What you should do -
Task for the records below: please copy exactly, and only, the lines from the one containing "Transformers RC Auto Bumblebee" to the last line, both included, leaving out the pictures.

______

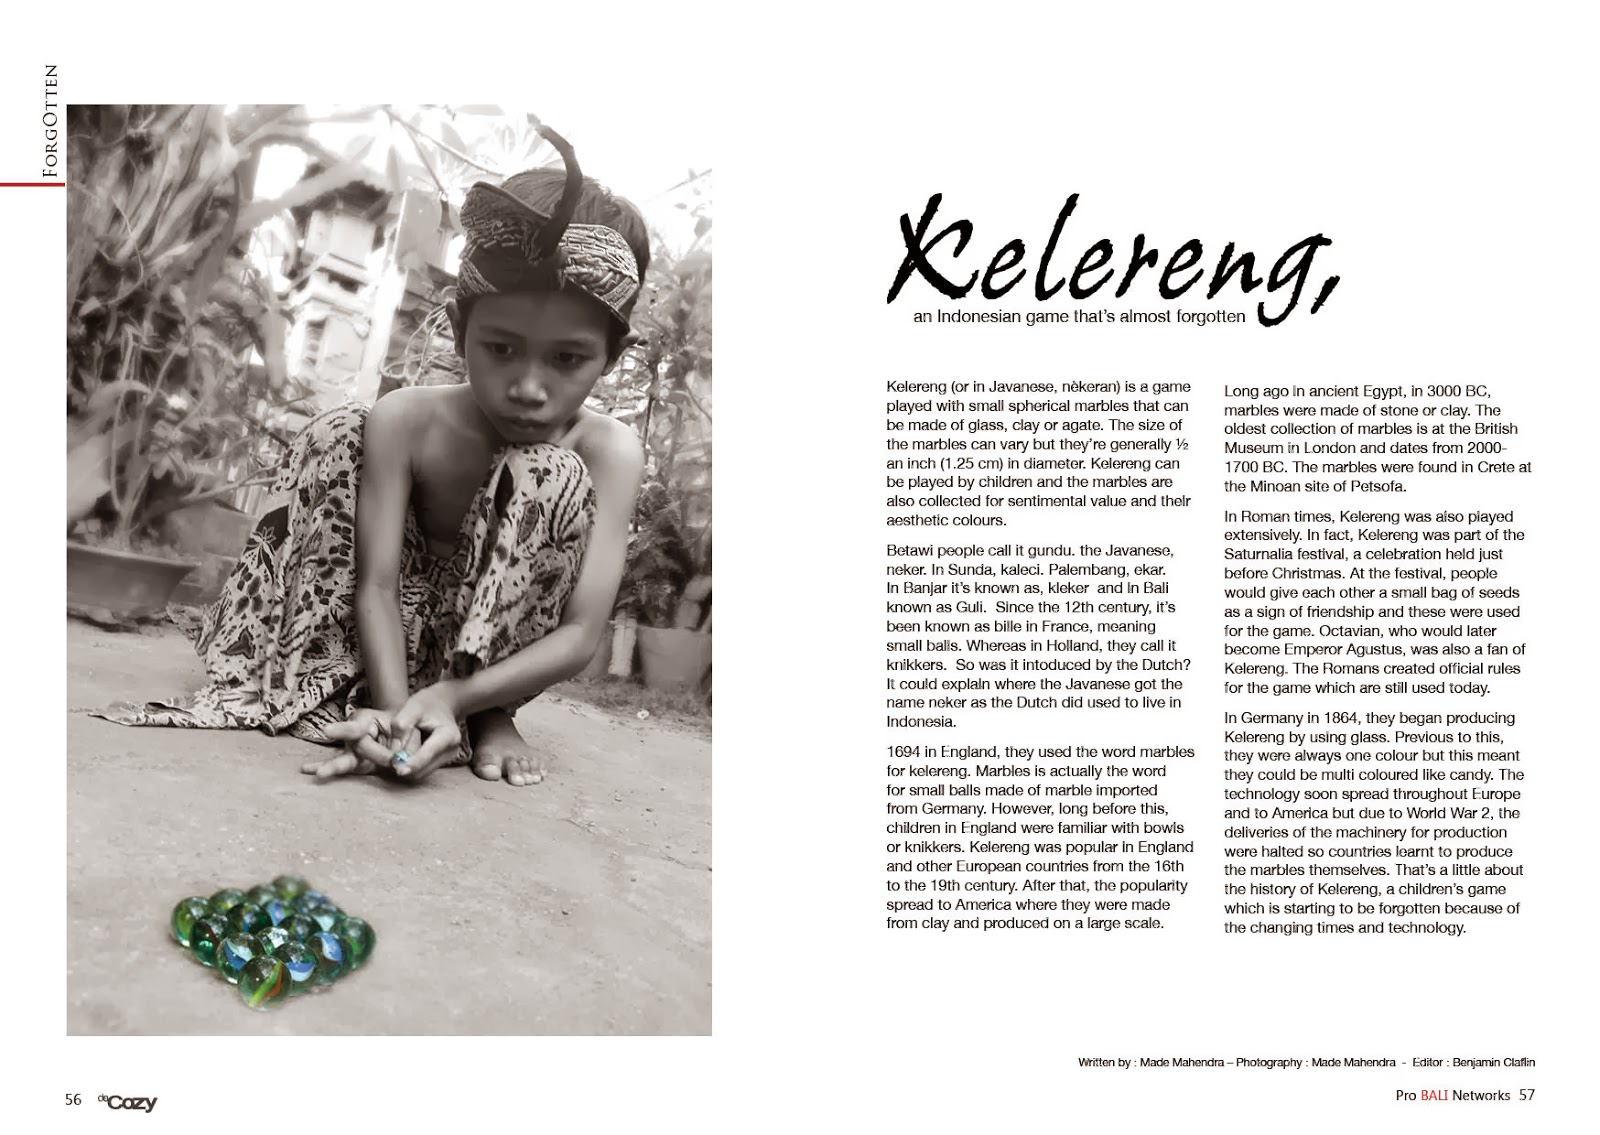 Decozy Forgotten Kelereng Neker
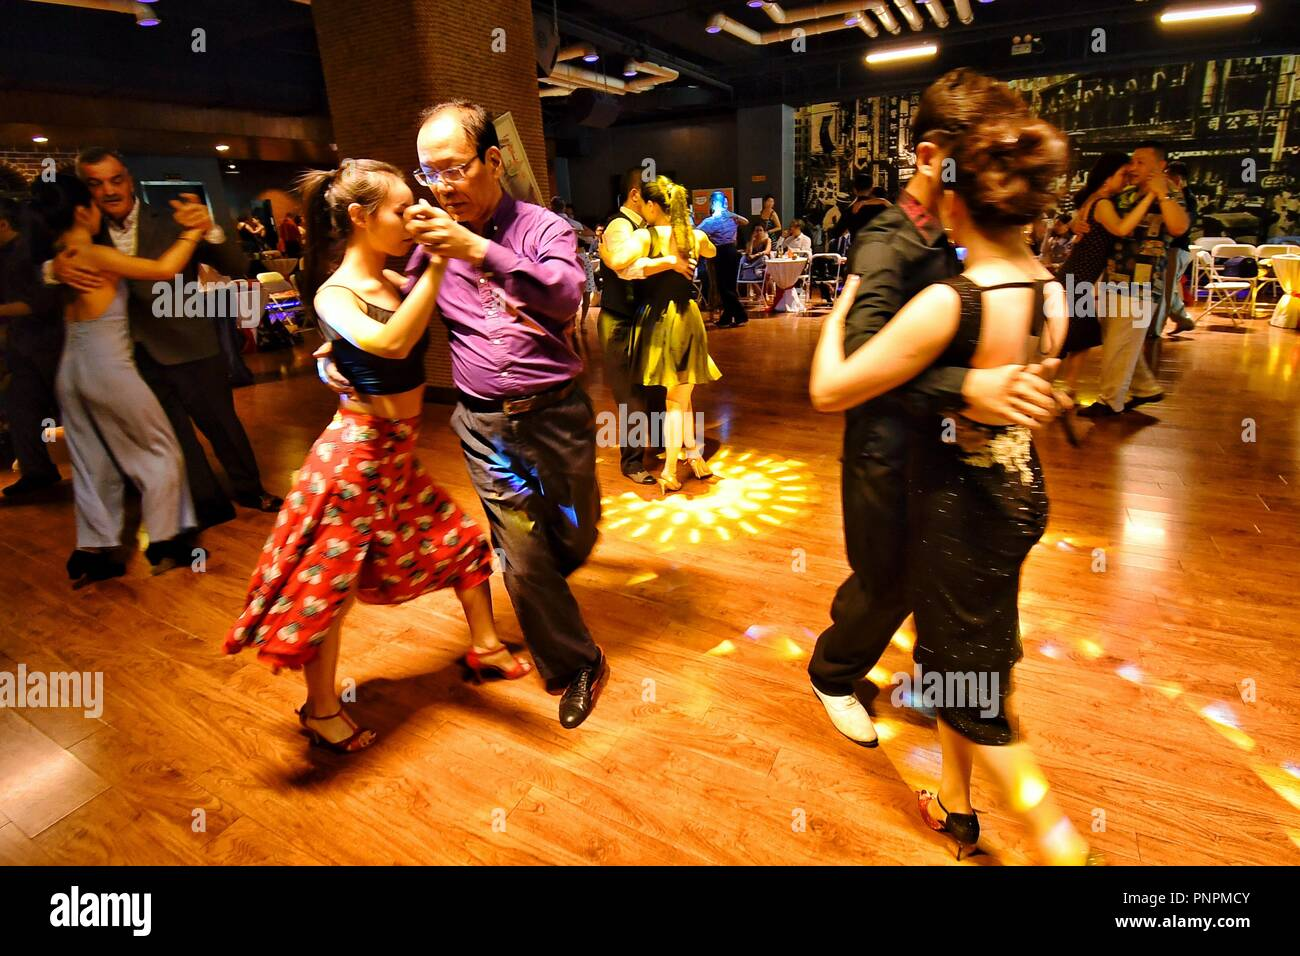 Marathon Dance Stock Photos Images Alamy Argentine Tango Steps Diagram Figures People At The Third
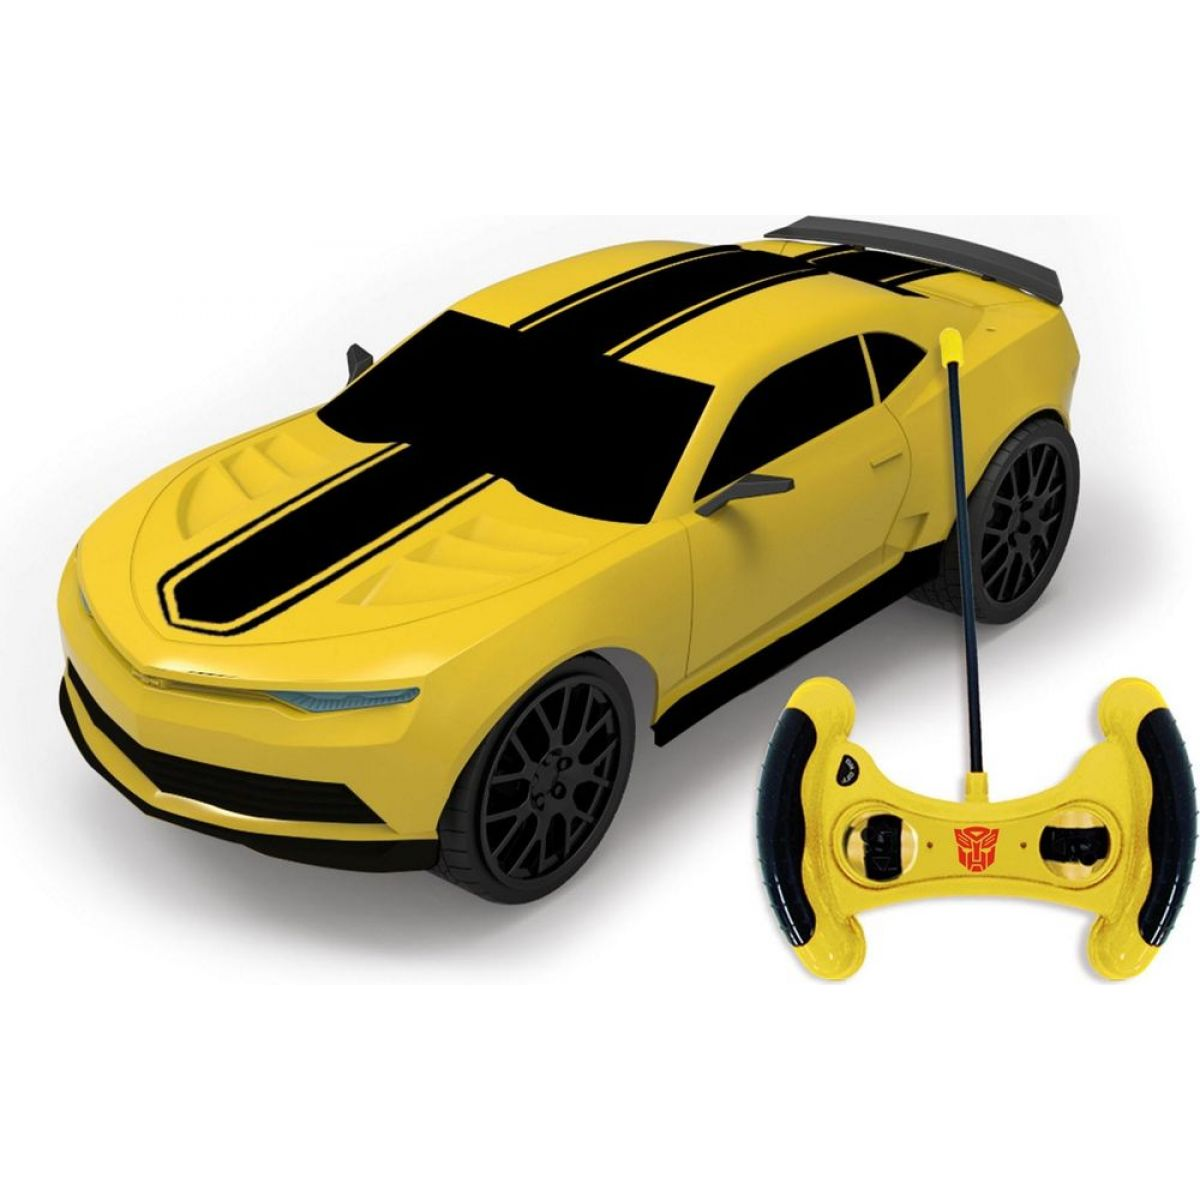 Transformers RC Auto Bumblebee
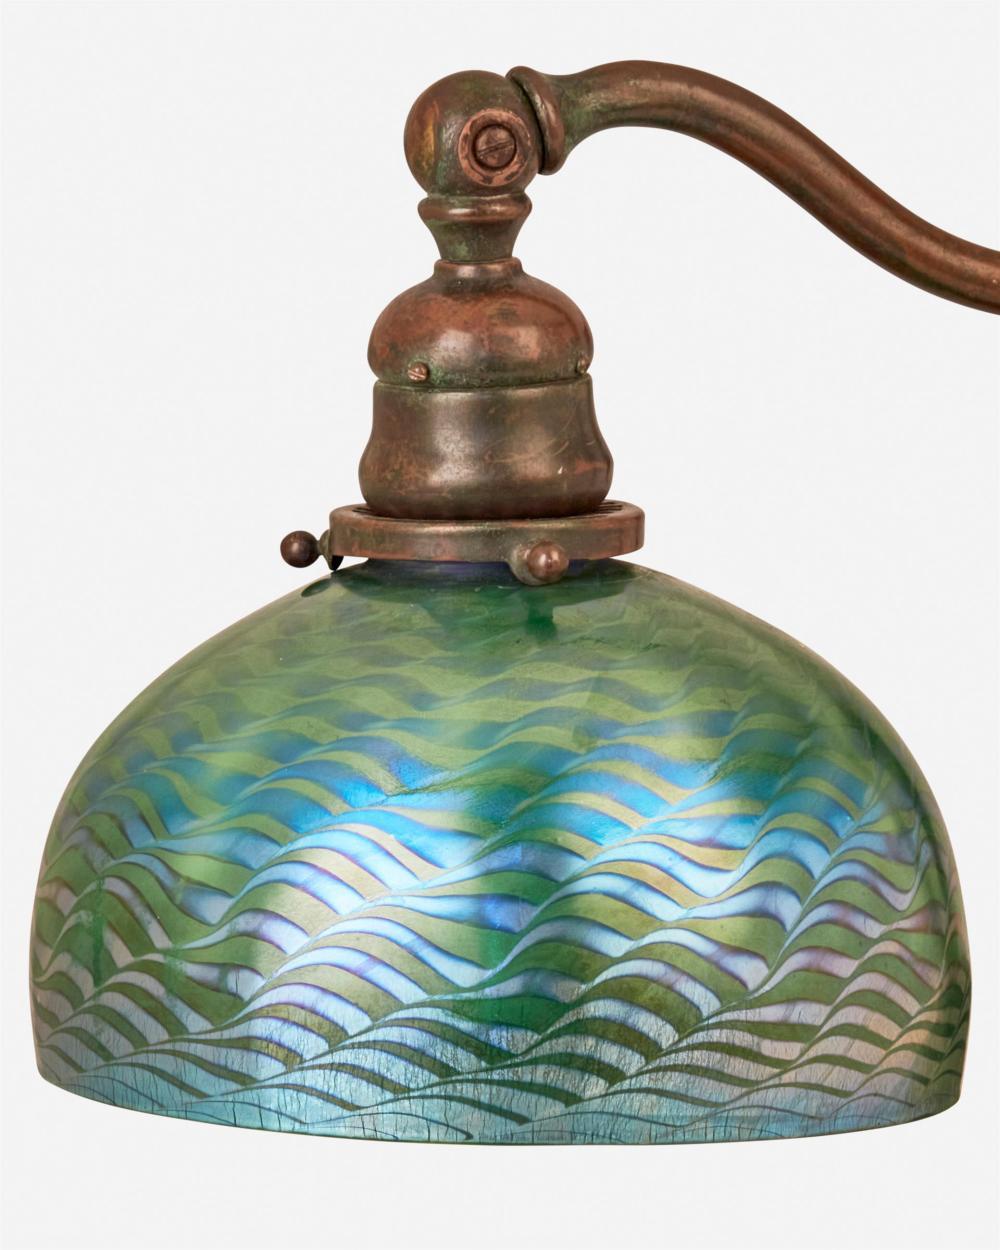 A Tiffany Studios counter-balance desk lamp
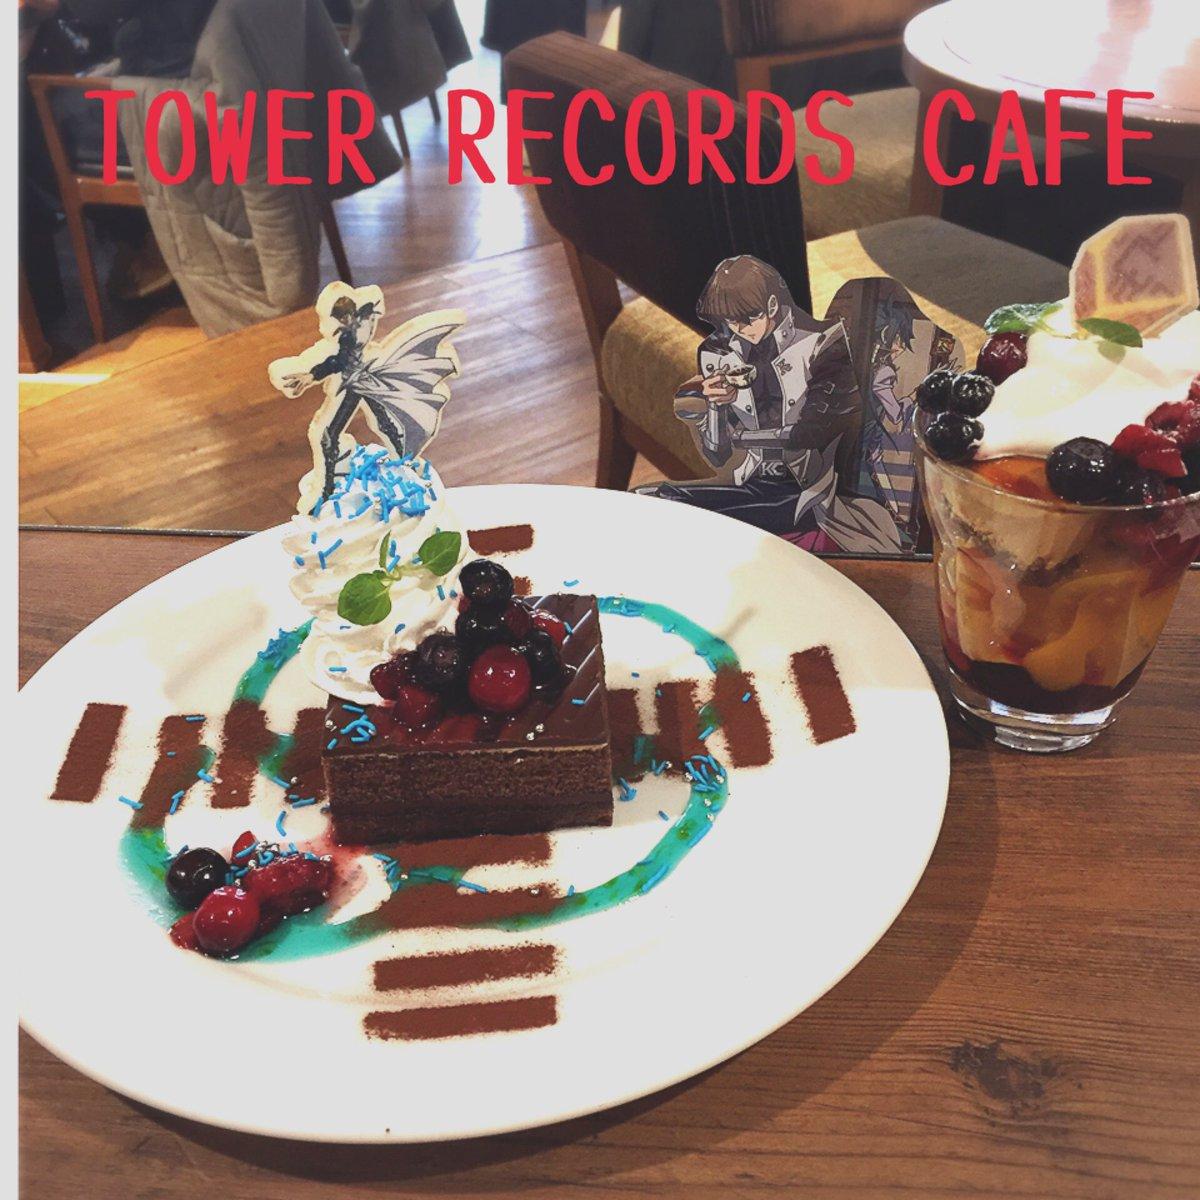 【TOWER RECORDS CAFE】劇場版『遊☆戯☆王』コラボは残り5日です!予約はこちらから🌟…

______

The answer -
 Transformers RC Auto Bumblebee
 A Tiffany Studios counter-balance desk lamp
 【TOWER RECORDS CAFE】劇場版『遊☆戯☆王』コラボは残り5日です!予約はこちらから🌟…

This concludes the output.